Jim Armor of ATK, a second tier supplier, said that EASE is “OK with us,” though he noted that EASE calls for long term commitments while they are not yet well defined. Calling today’s environment “crunch time for the space industrial base,” he pointed to the successful launch of ORS-1 the night before, noting that there are no follow-on satellites in that series, it is one-of-a-kind. Praising the Obama National Space Policy released last year and the National Space Security Strategy issued early this year, he nonetheless asked “where’s the implementation?” Jim Simpson of Boeing said that block buys of satellites save 30 percent in the commercial sector, but it has to be implemented in “production mode,” after risk has been reduced in the development phase.

The House Appropriations Committee rejected EASE at its markup of the defense appropriations bill last month because it would require advance appropriations. Thus, this meeting also undoubtedly was part of an effort to better explain EASE to congressional staff.
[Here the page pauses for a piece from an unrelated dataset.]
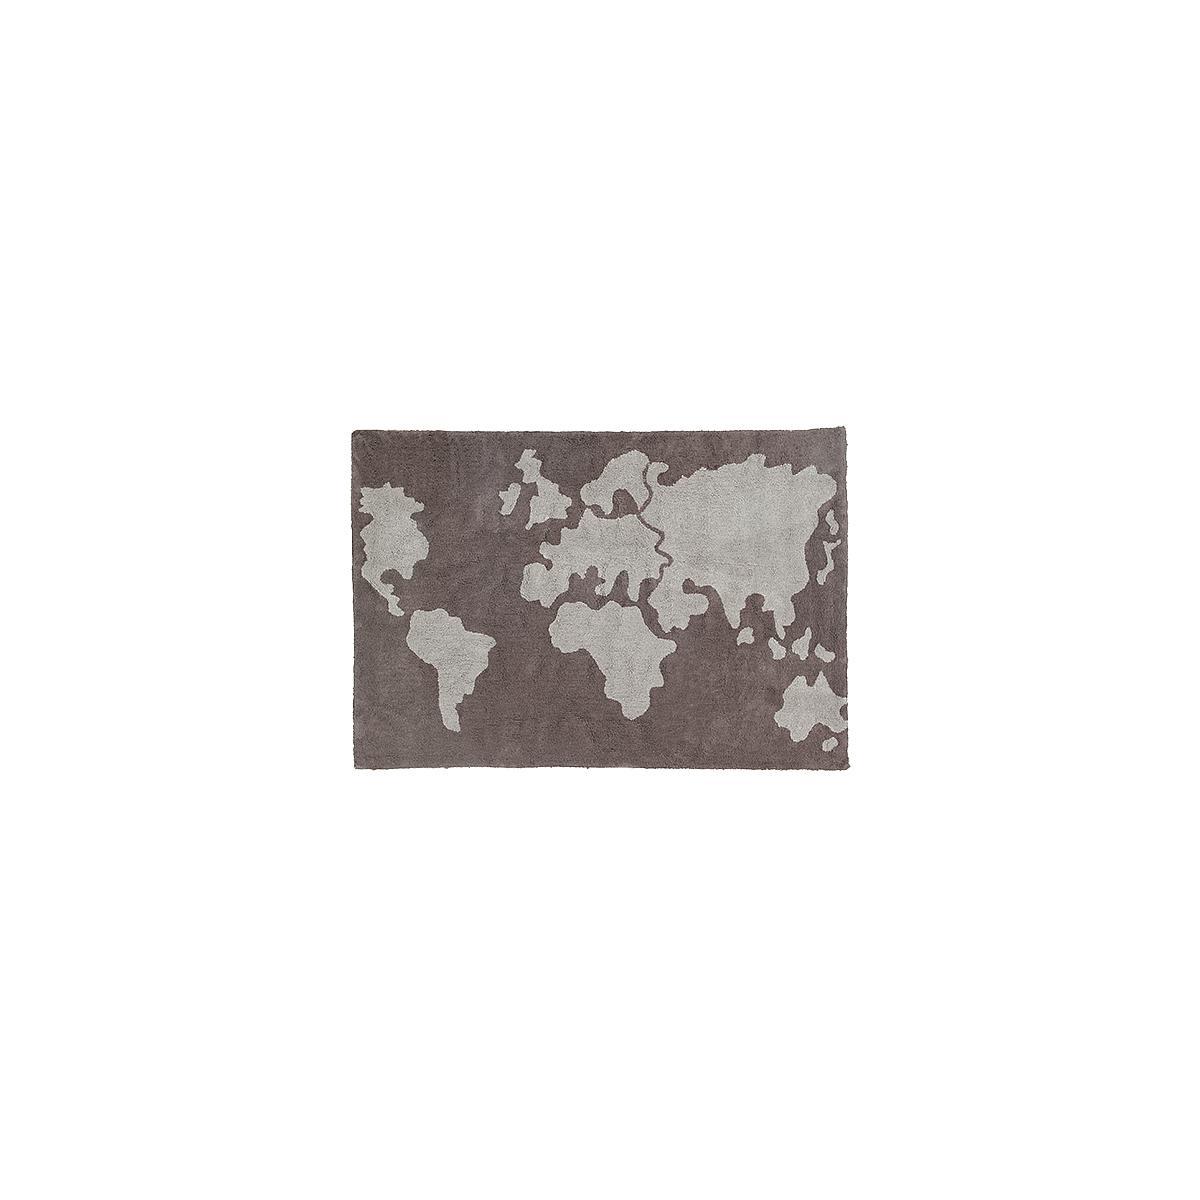 Tapis 140x200 cm WORLD MAP Lorena Canals

Acquisition of launch services to put DOD and intelligence satellites in orbit was a key topic throughout the meeting and the subject of a special panel. The Air Force, the National Reconnaissance Office (NRO), and NASA recently signed a memorandum of agreement that commits the government to buying eight Evolved Expendable Launch Vehicle (EELV) cores per year for the next five years – a total of 40. The United Launch Alliance (ULA), a Lockheed Martin- Boeing joint venture, builds the Delta and Atlas families of EELVs and sells services to the government. The Air Force will fund five per year and the NRO will fund three. Gil Klinger, currently Deputy Assistant Secretary of Defense, Space and Intelligence Office, and a long time player in the defense and intelligence space arena, commented that EELVs are the fifth largest expense center in the Air Force budget.
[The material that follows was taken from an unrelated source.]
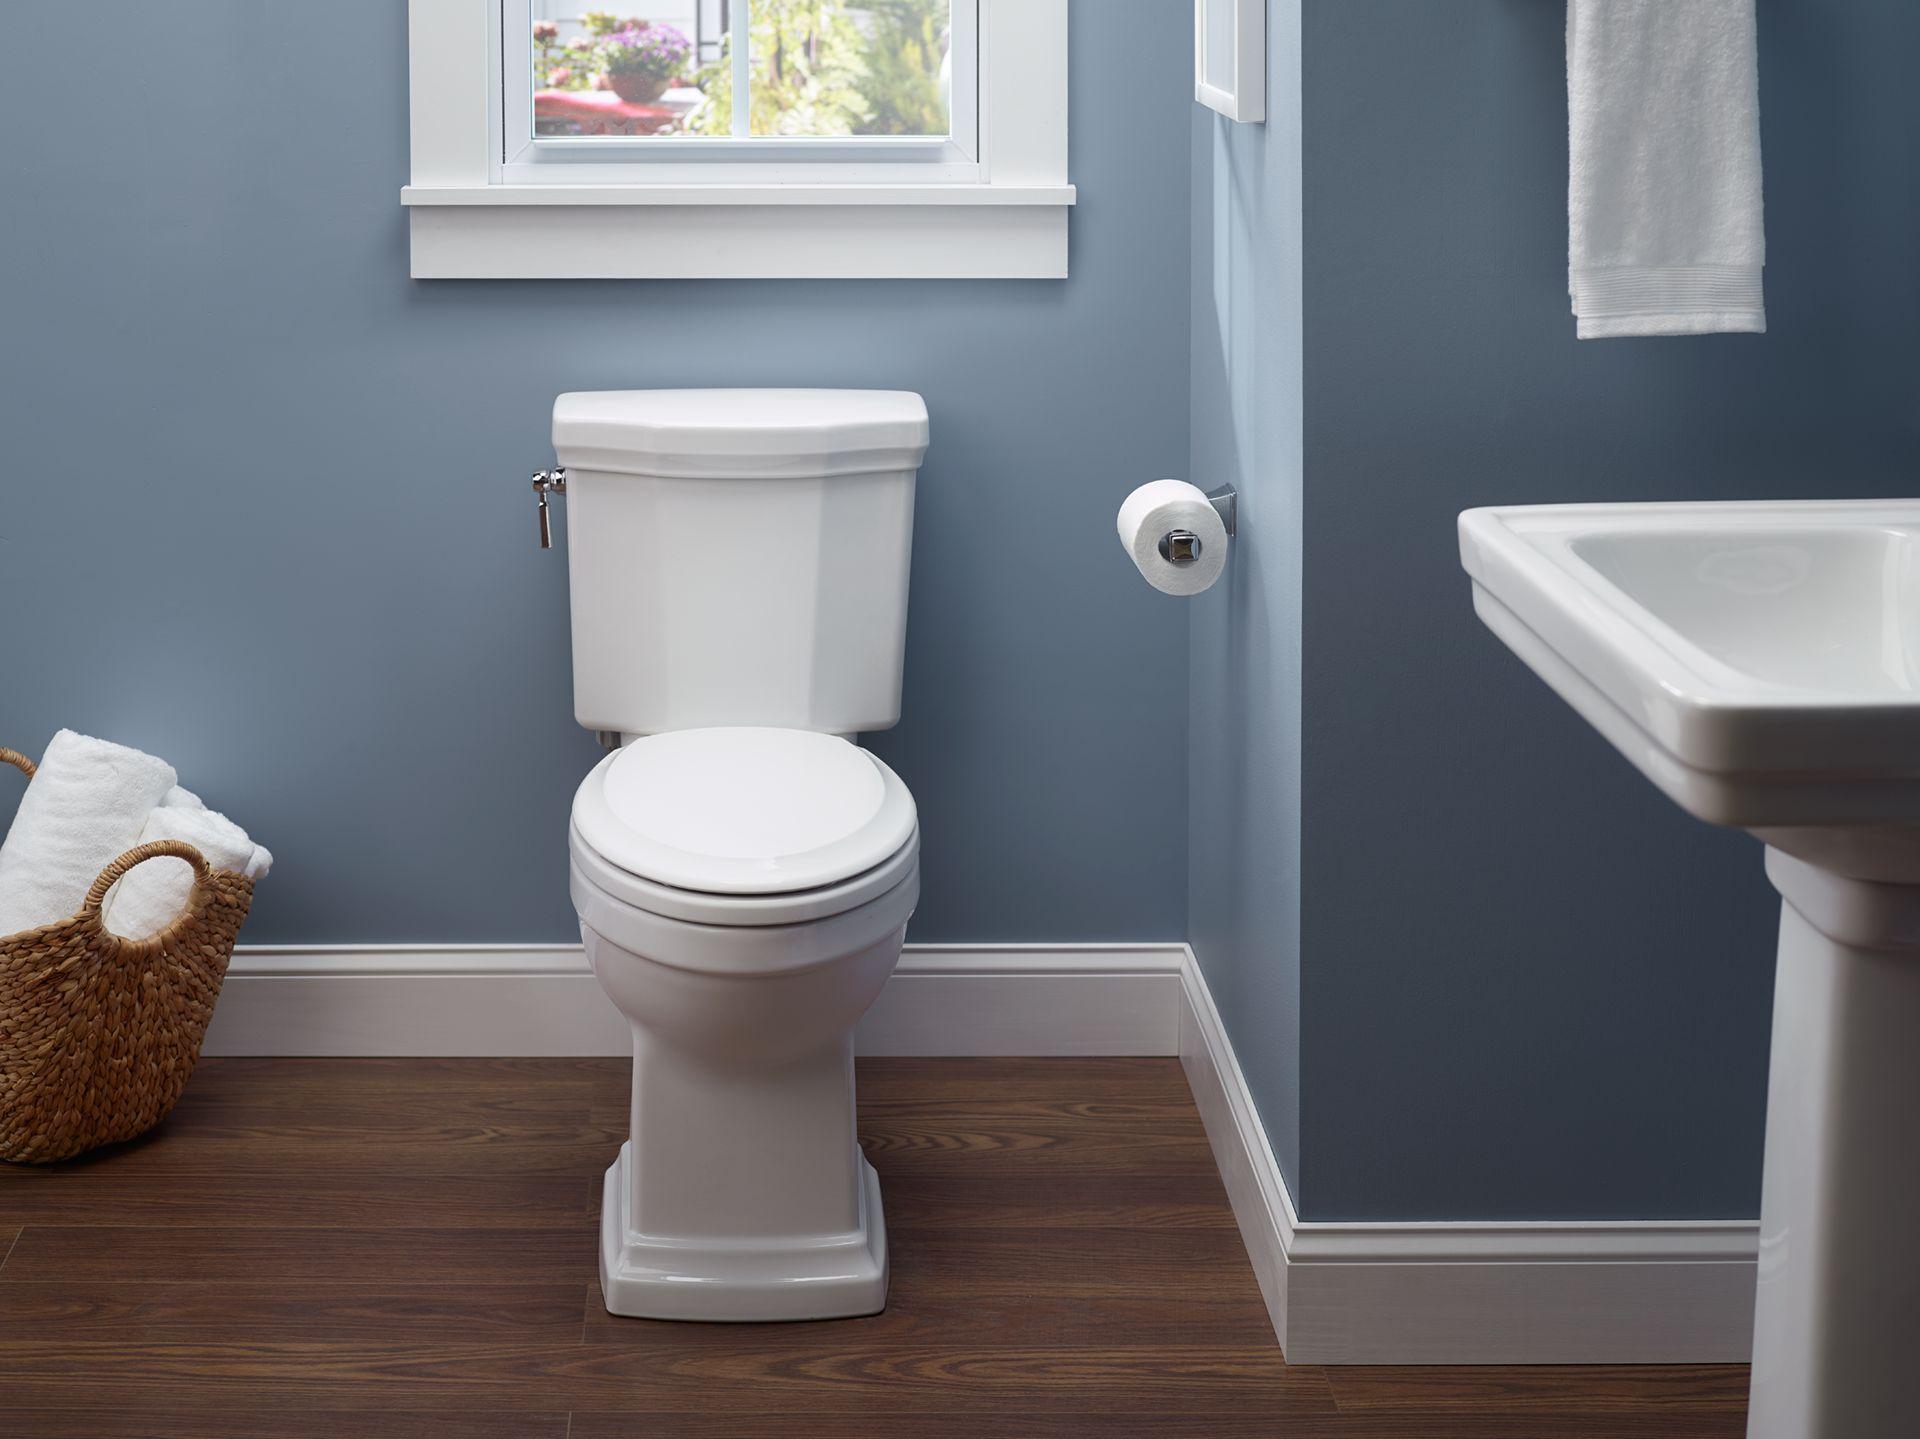 Promenade II Two-Piece Toilet 1.28 GPF - TotoUSA.com

Chris Andrews from ULA traced the long history of the EELV program, which has endured many ups and downs and contract restructurings over the past decade and a half. The government bought a block buy of EELVs in the late 1990s – 28 vehicles – that were to be launched by 2006, but some still have not been launched, he said.
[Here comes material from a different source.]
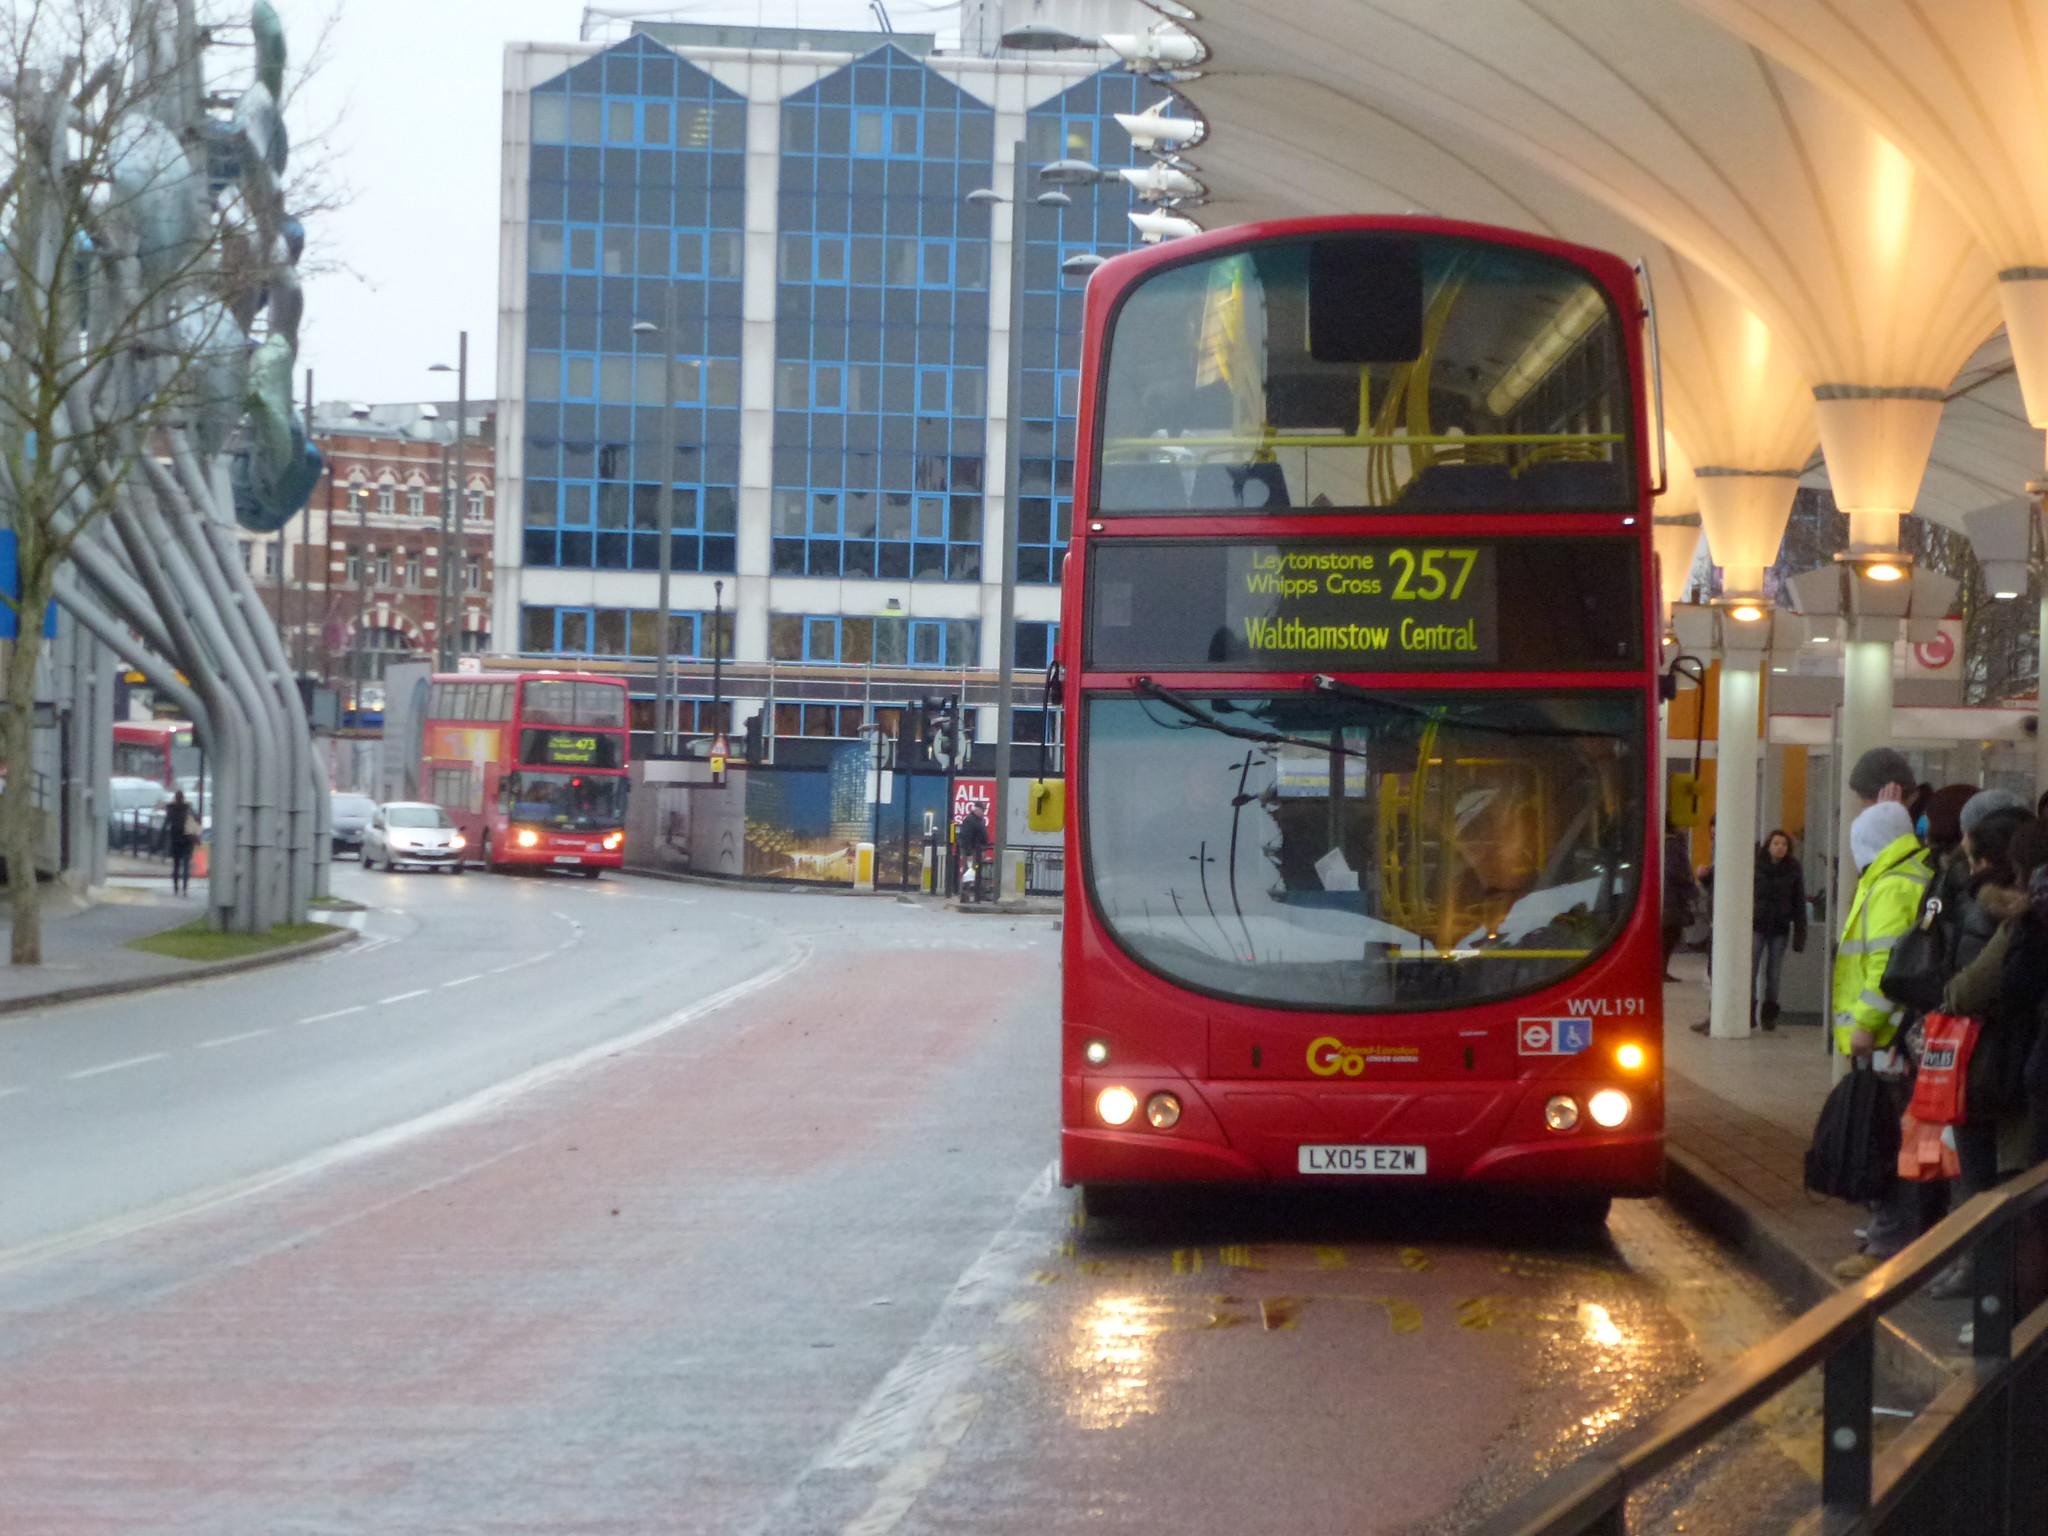 #AYearOfBuses 257: Stratford – Walthamstow Central

Larry Williams of SpaceX picked up on that point in criticizing the government’s decision to commit to 40 EELV cores. Why make such a commitment when “competition is just around the corner” with new entrants like SpaceX, he asked? Based on how long it is taking to launch the 28 vehicles bought years ago, he believes it will take to the end of the decade to launch these 40. Meanwhile, new entrants might be able to offer much lower costs if given the chance. He also took issue with those who claim that there is overcapacity in the launch services market today. His company is signing lots of orders, he said, and is bringing that business back to the United States.

The government speakers made it clear, however, they were not willing to risk mission success on unproven launch capabilities like those SpaceX is offering. To the defense community, mission assurance is the key and they want launch vehicles with a proven track record. Klinger said DOD would “apply competition when and where it makes sense.”